Problem A: Let \(A\) and \(B\) be \(n \times n\) matrices. Prove that if \(A\) is similar to \(B\) and \(A\) is invertible, then \(B\) is invertible and \(A^{-1}\) is similar to \(B^{-1}\).
Problem B: Let \(M_n\) be the set of \(n \times n\) matrices. Define a relation \(\sim\) on \(M_n\) where \(A \sim B\) means \(A\) is similar to \(B\). Prove that \(\sim\) is an equivalence relation.

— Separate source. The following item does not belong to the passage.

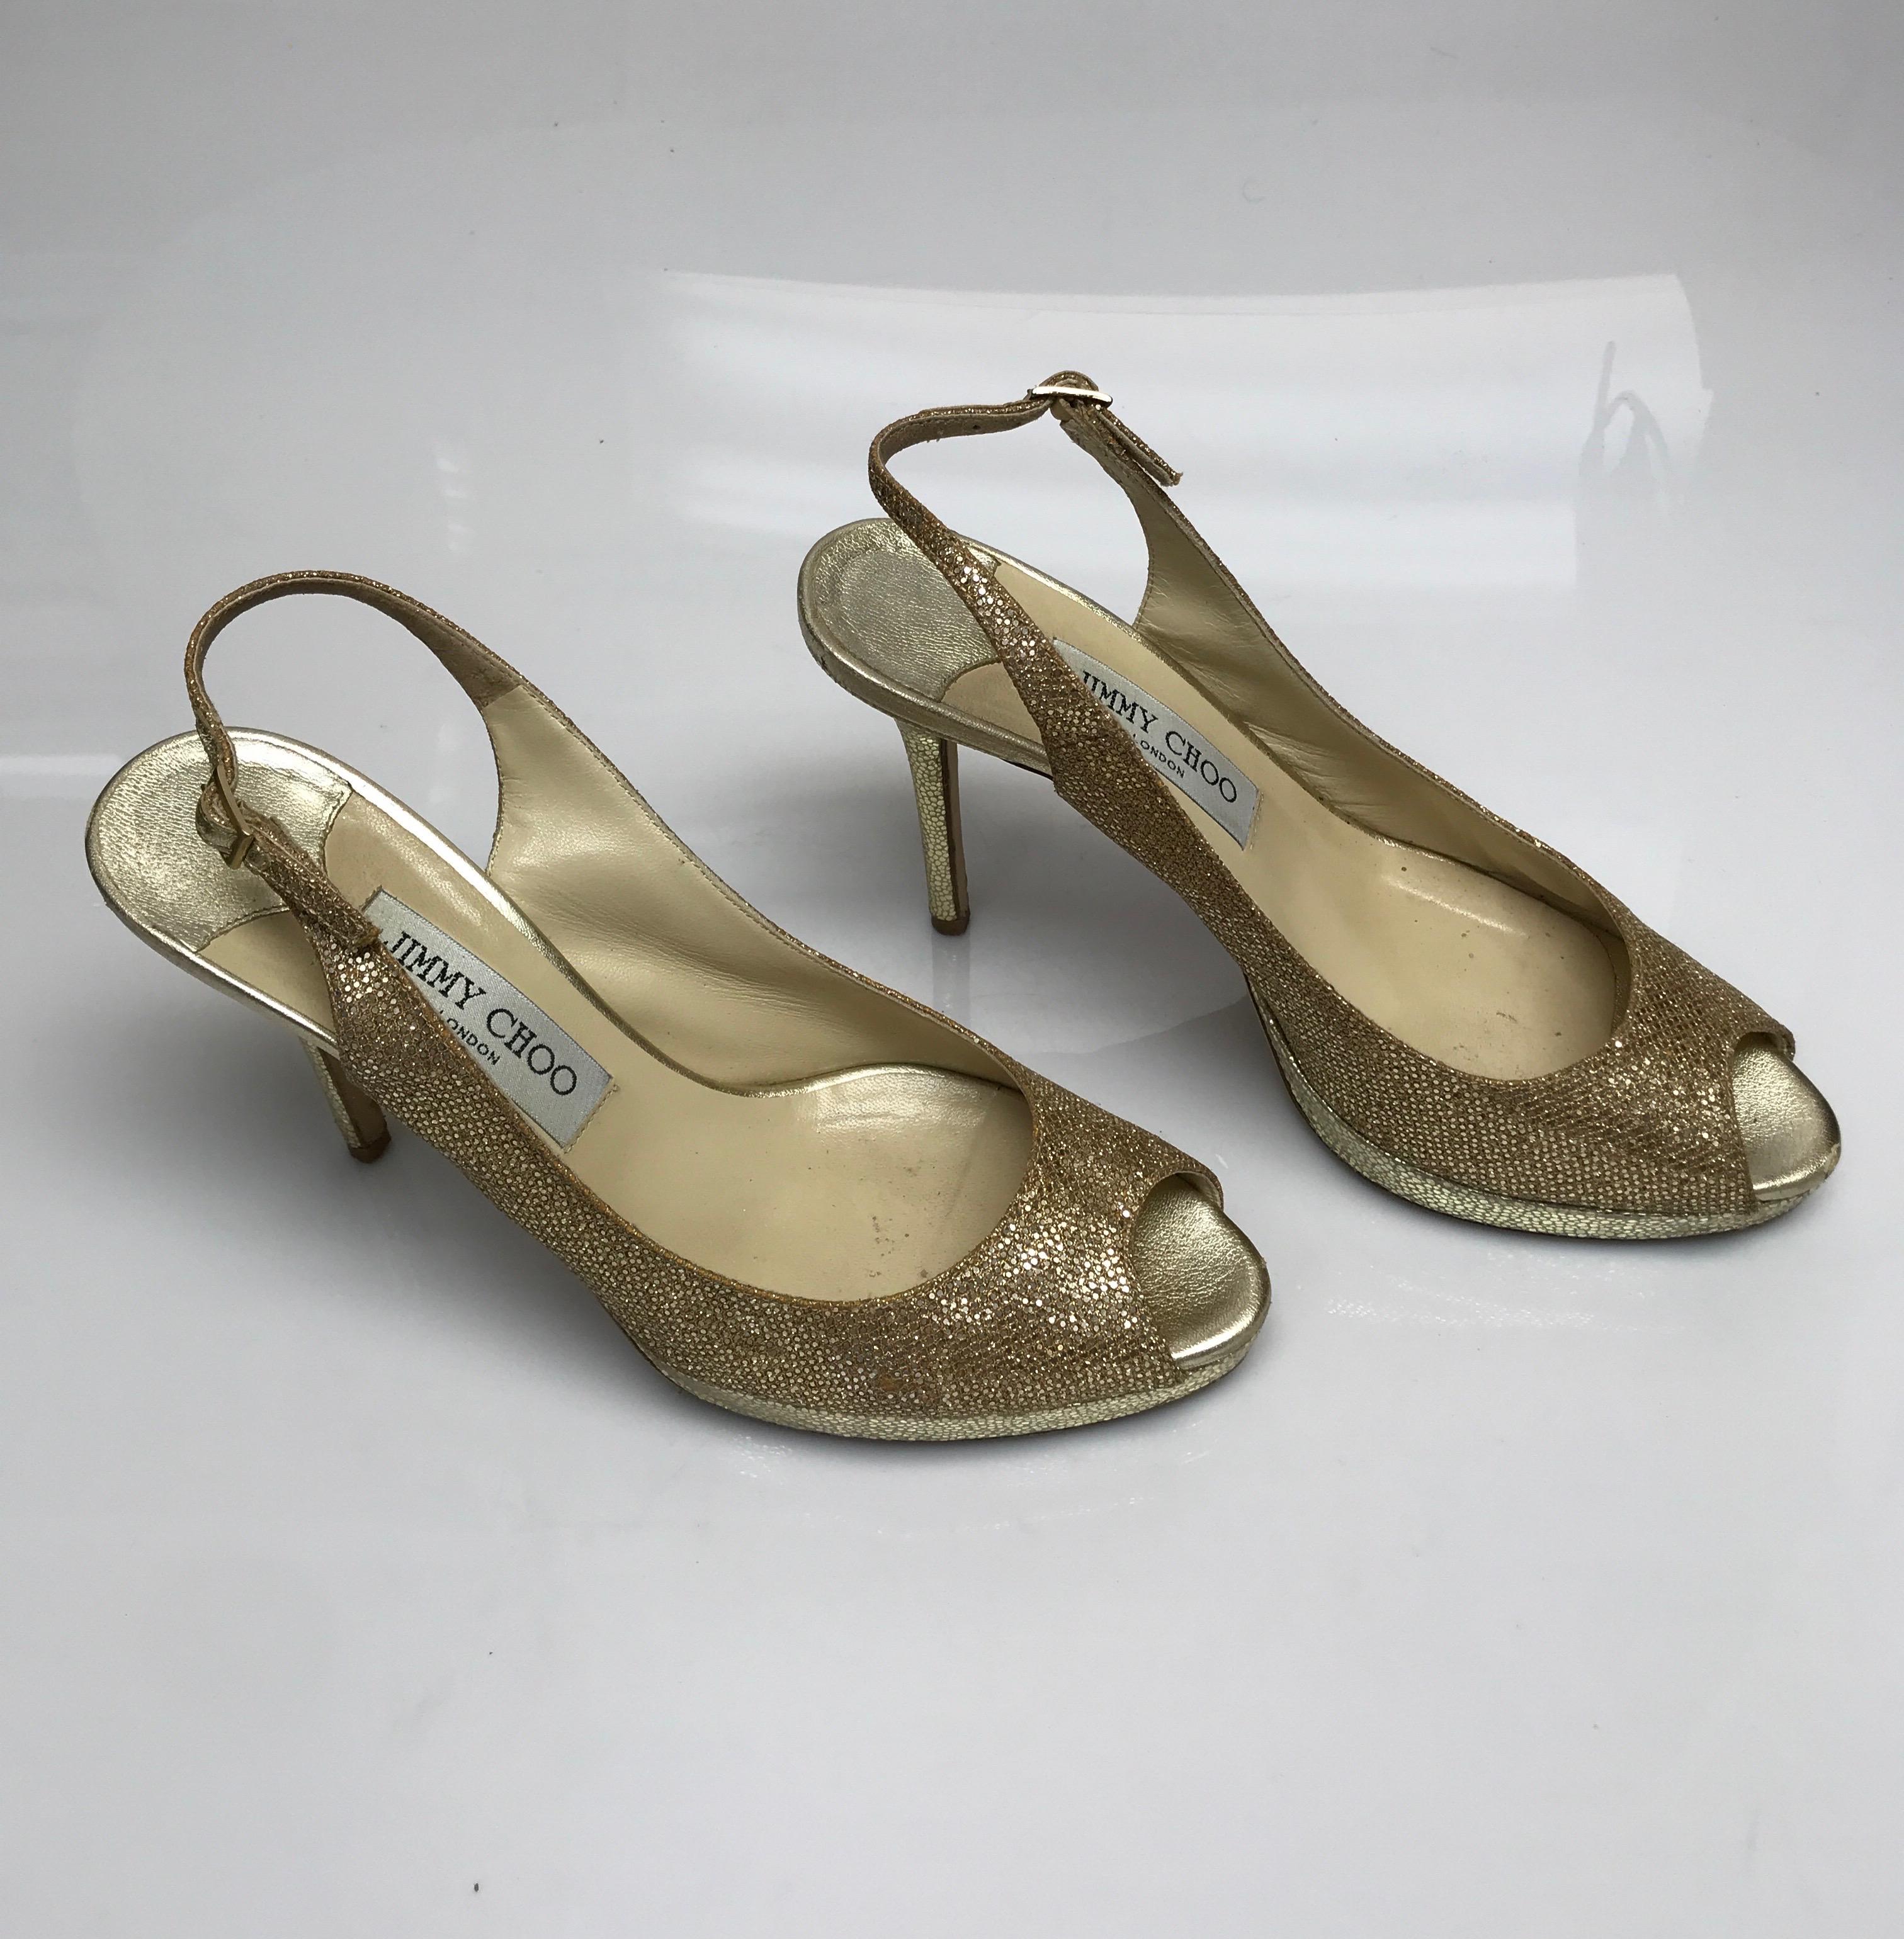 Jimmy Choo Gold Peeptoe Heels-38. These elegant Jimmy Choo heels are in good condition. They show some sign of use to the bottom sole of the shoes and few sequins missing throughout. These shoes are gold textured throughout and have a peeptoe design

Assignment 10 - Due April 18
Do the following problems from the text.
Section | Problems |
---|---|
5.2 | 4, 8, 12, 16 |
5.3 | 2, 6, 10, 14, 20 |
The following problems require formal proofs.
Problem A: Let \(A\) be an \(n \times n\) matrix. Prove that if \(\lambda\) is an eigenvalue of \(A\), then \(\lambda\) is an eigenvalue of \(A^T\).
Problem B: Let \(A\) be an invertible \(n \times n\) matrix. Prove that if \(A\) is diagonalizable, then \(A^{-1}\) is diagonalizable.